One thing for sure... two things for certain... it ain't cheap!


----------



## cyberbri

> The mic, which incidentally, weighs a tonne (metric, not imperial ) has lead me to a problem and this applies to all BFD/SMS-1 owners. Where you position it makes a really large difference. I started with it on a tripod (like I had with the Radioshack SPL meter) roughly where I considered the middle of my head to be. One day I noticed that surprisingly large variations appeared as I moved around the room. It got me to experimenting. I tried positioning the mic just above my head and just infront of my face. I also tried it positioned next to either ear and got as much as 6dB difference at frequencies well within the subs range. Now that's the sort of difference we're trying to tune out, but how do you tune for both sides of your head?
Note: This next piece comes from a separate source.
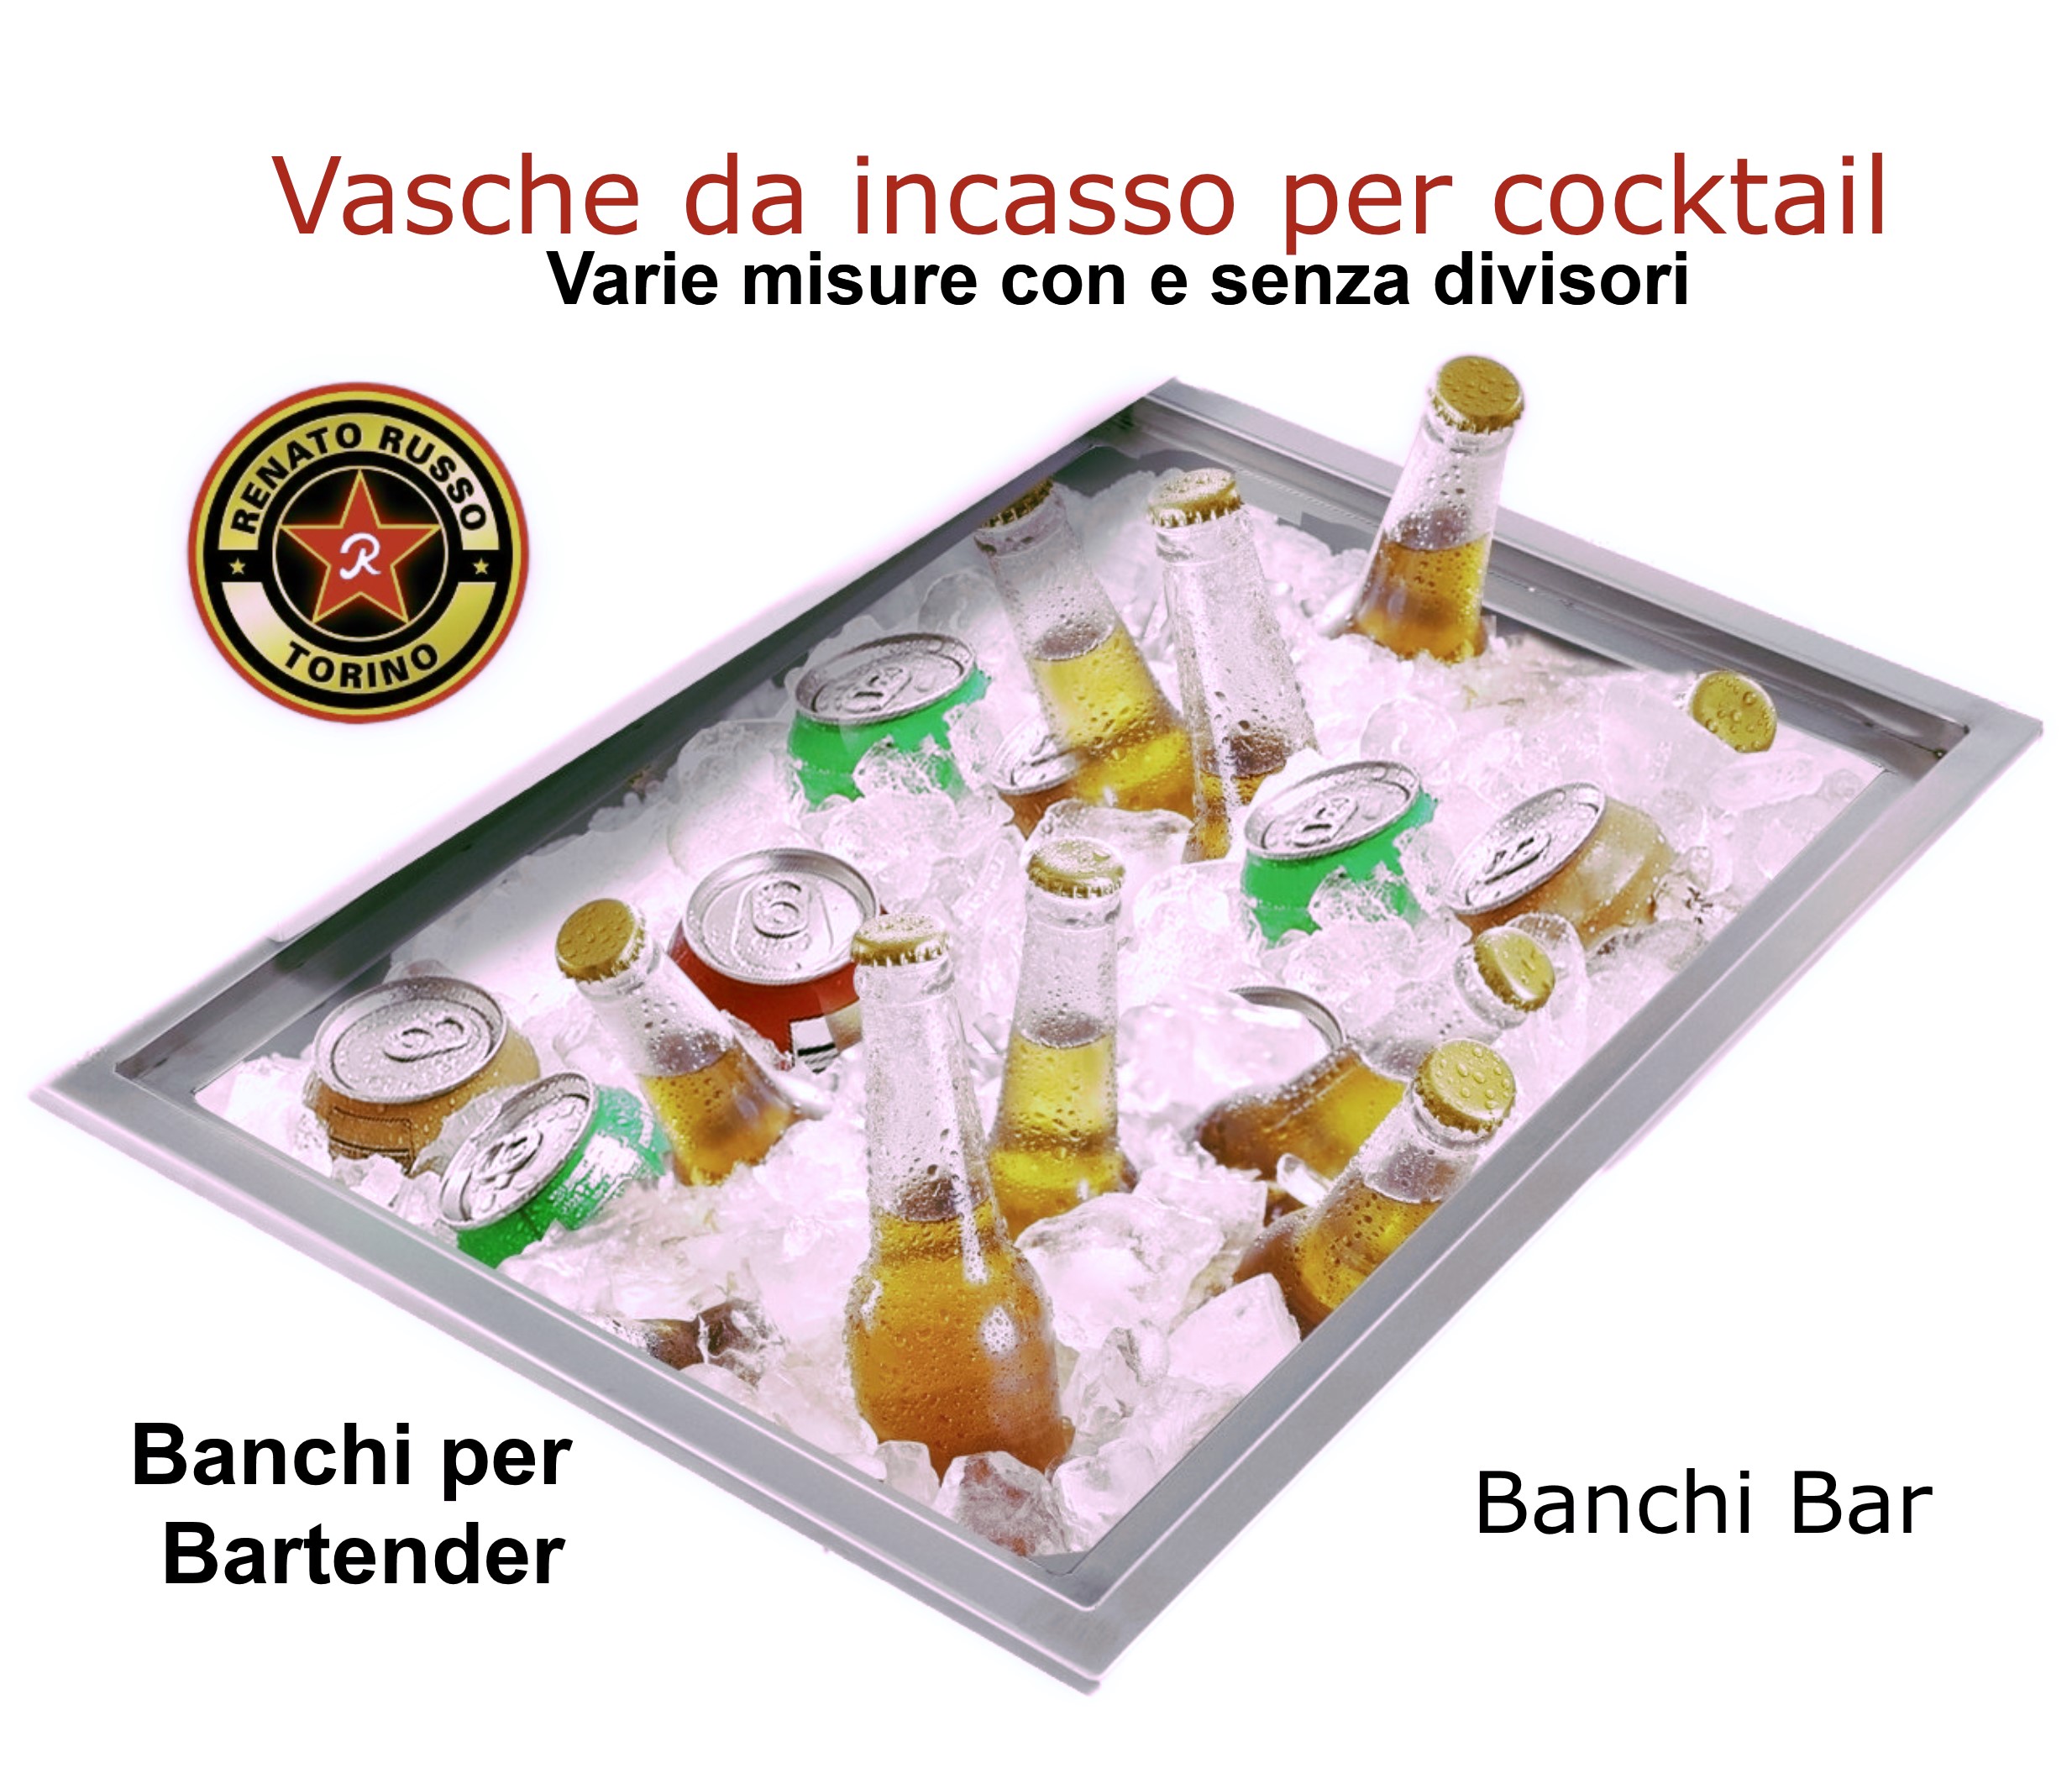 Arredamenti per Bar, Ristoranti, Banchi Frigo, Banchi Bar, Vetrine

As no sound arrives in the middle of my head (the usual position giving an average) where exactly should it be positioned? FWIW, I now postion the mic roughly where my head would be, but with me slouching in the chair just beneath it so at least my mass is in approximately the position it would be during a film. Just interested if anybody has some thoughts on this one.
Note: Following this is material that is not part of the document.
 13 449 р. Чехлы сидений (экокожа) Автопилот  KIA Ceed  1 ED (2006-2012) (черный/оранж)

That's where room treatments - bass traps in the corners - come in. 
I added room treatments first, which took away the boomy resonance and really tightened up the sound of the bass, and it toned down some of the big jumps in fr. There's also less variation in level across my couch, although it's still there. And now my BFD is arriving today, and I just need to get some RCA-to-1/4" adapters tonight at Radio Shack. Actually my sub's response is quite flat, after tweaking a lot, and just Saturday night discovered (test tones using HTPC + meter and XLS graph) that instead of running with no sub xo and phase at 180, I get MUCH smoother response by enabling the sub's crossover (90Hz) and switching to 0deg phase.


----------



## Guest

cyberbri said:


> That's where room treatments - bass traps in the corners - come in.
> I added room treatments first, which took away the boomy resonance and really tightened up the sound of the bass, and it toned down some of the big jumps in fr. There's also less variation in level across my couch, although it's still there. And now my BFD is arriving today, and I just need to get some RCA-to-1/4" adapters tonight at Radio Shack. Actually my sub's response is quite flat, after tweaking a lot, and just Saturday night discovered (test tones using HTPC + meter and XLS graph) that instead of running with no sub xo and phase at 180, I get MUCH smoother response by enabling the sub's crossover (90Hz) and switching to 0deg phase.


I agree completely on this. I asked this question before as my room was not very treated 3 months ago. I get very different result even within 2 inchs of my head position much less a variation of totally different looking slope from the left side of my couch to the right and middle. The difference was in the region of 10-15db. 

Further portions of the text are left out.